The Container Security Provider will automatically add the Diego issued application instance ID cert to outbound requests. Regardless of the way Gorouter is configured, required or optional, it will always validate a mutual TLS cert if the client includes one. The Container Security Provider always includes a cert and the Gorouter will always validate it. By default, Foundation B is not configured to trust Diego Instance ID certs issued by Foundation A and you will get the error, "bad_certificate".

An alternative to disabling KeyManager is the set the option "Gorouter does not request client certificates" in TAS > Networking configuration. This option will make it so router does not request and validate the Diego Instance ID cert for application on Foundation A.

Issues with TrustManager are much less common and you generally want to keep this enabled, even when disabling KeyManager. TrustManager is responsible for automatically making sure that the JVM trusts any BOSH deployed trusted TLS certificate authorities.

In most cases, you can trust these. However, if trusting them will create problems or if you need to be more restrictive about the certificate authorities that you trust, you can disable TrustManager.

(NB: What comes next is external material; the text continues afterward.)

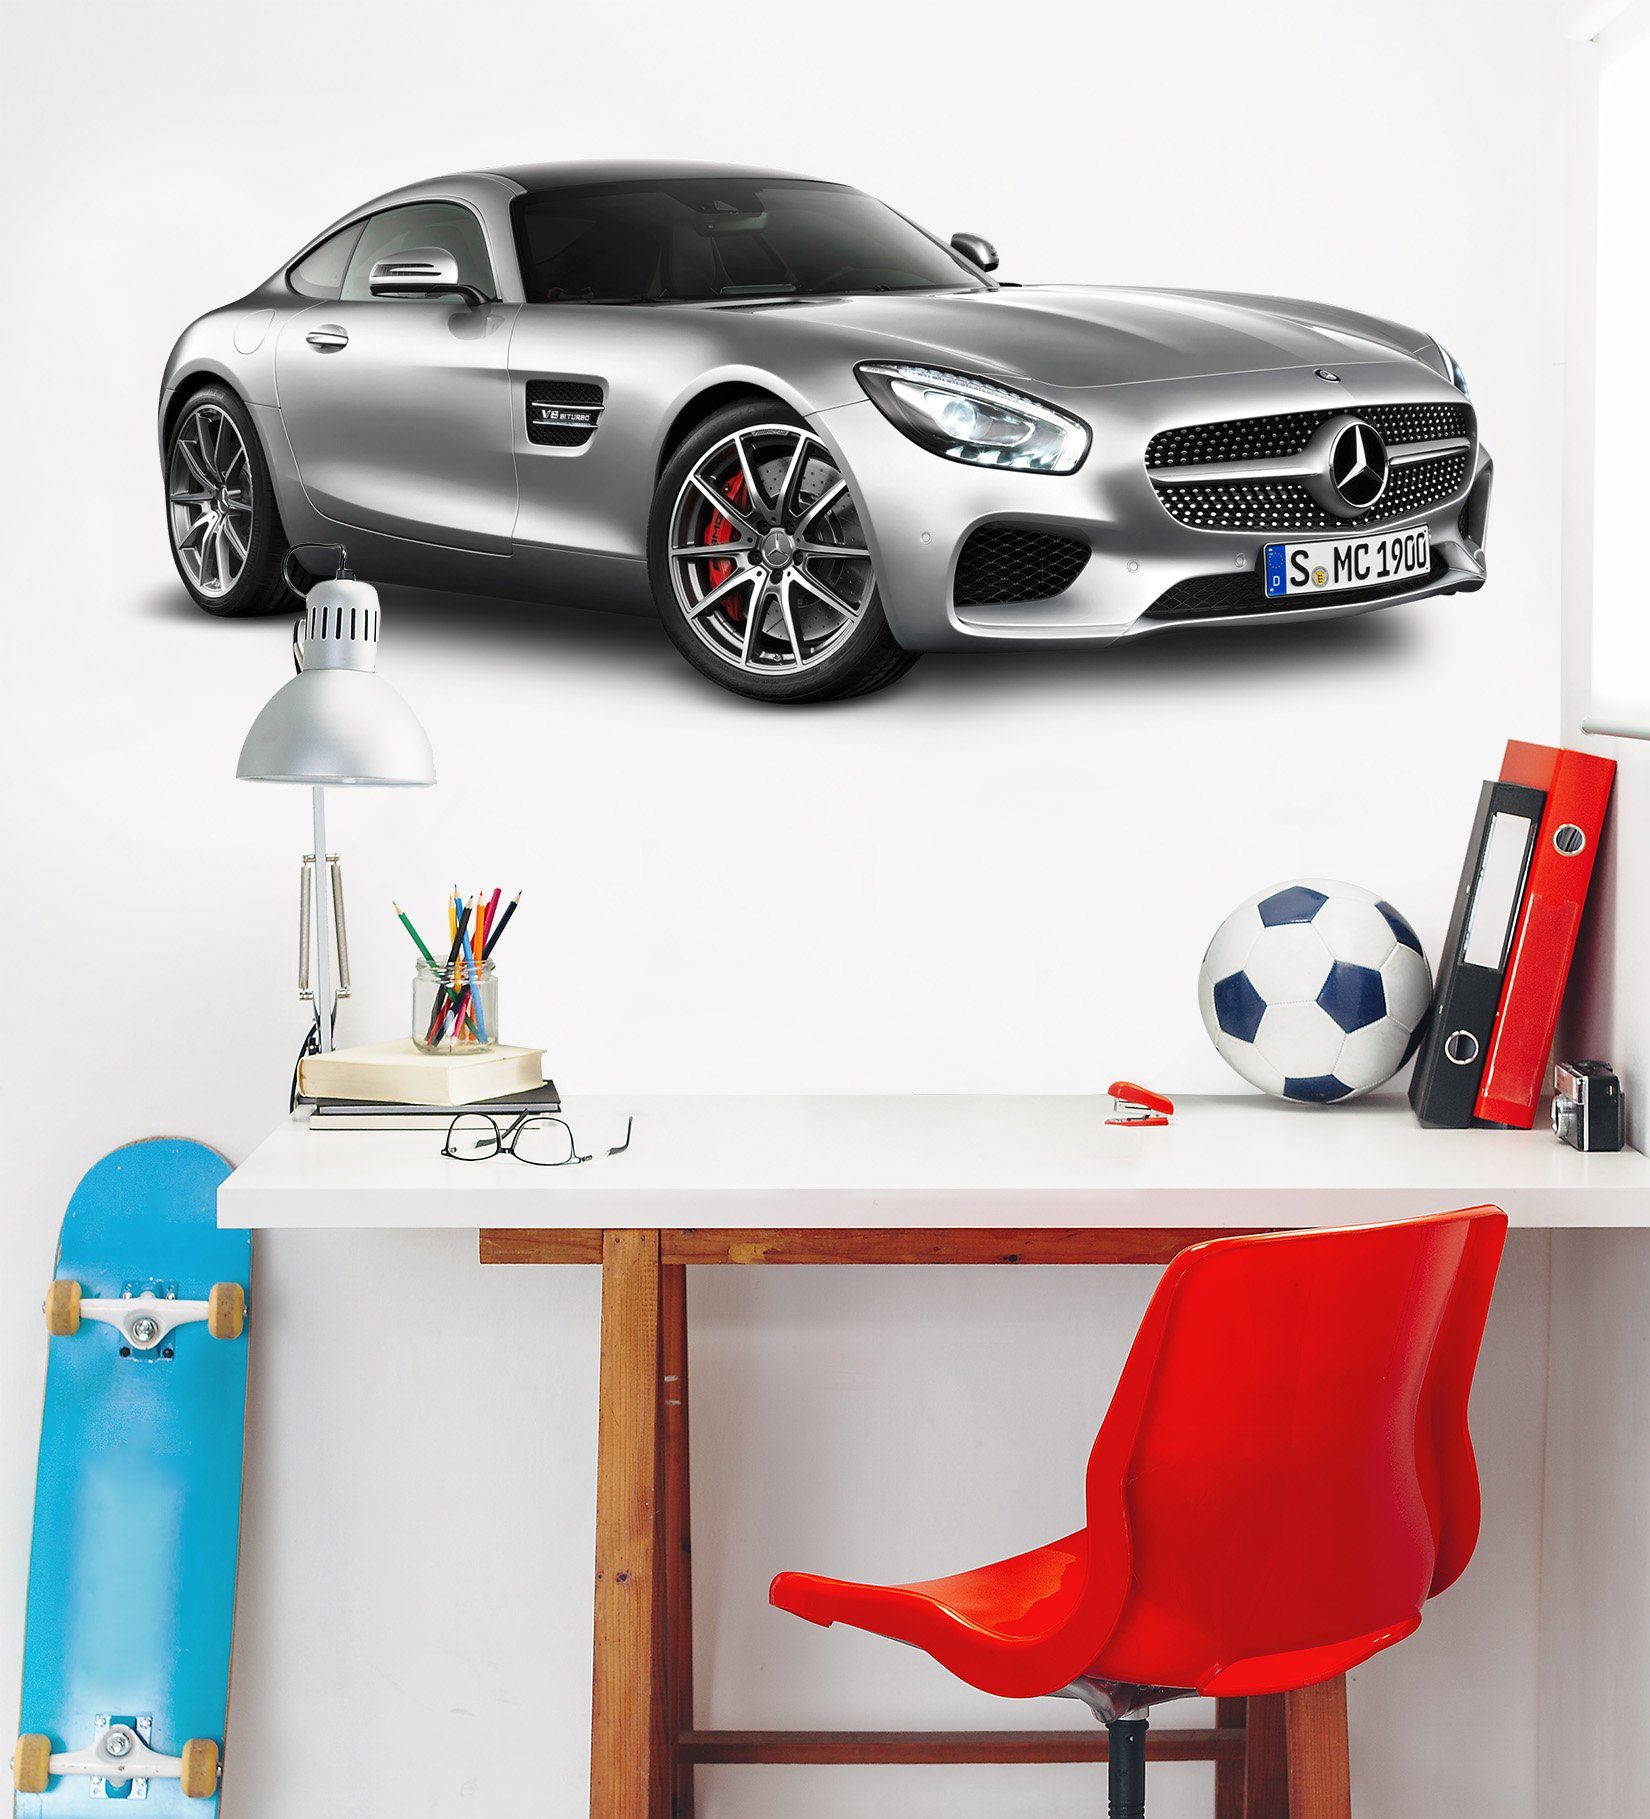 3D Mercedes Deportivos 174 Vehicles Wallpaper AJ Wallpaper

In order to disable KeyManager, use the application environment variable JBP_CONFIG_CONTAINER_SECURITY_PROVIDER.  Set the key_manager_enabled key to false. For example:

cf set-env <JAVA-APP-NAME> JBP_CONFIG_CONTAINER_SECURITY_PROVIDER '{key_manager_enabled: false}'

cf set-env <JAVA-APP-NAME> JBP_CONFIG_CONTAINER_SECURITY_PROVIDER '{trust_manager_enabled: false}'

To disable KeyManager and TrustManager at the same time, refer to the example below:

cf set-env <JAVA-APP-NAME> JBP_CONFIG_CONTAINER_SECURITY_PROVIDER '{key_manager_enabled: false, trust_manager_enabled: false}'

Restage the application to ensure the change to environment variable that the buildpack consumes takes effect.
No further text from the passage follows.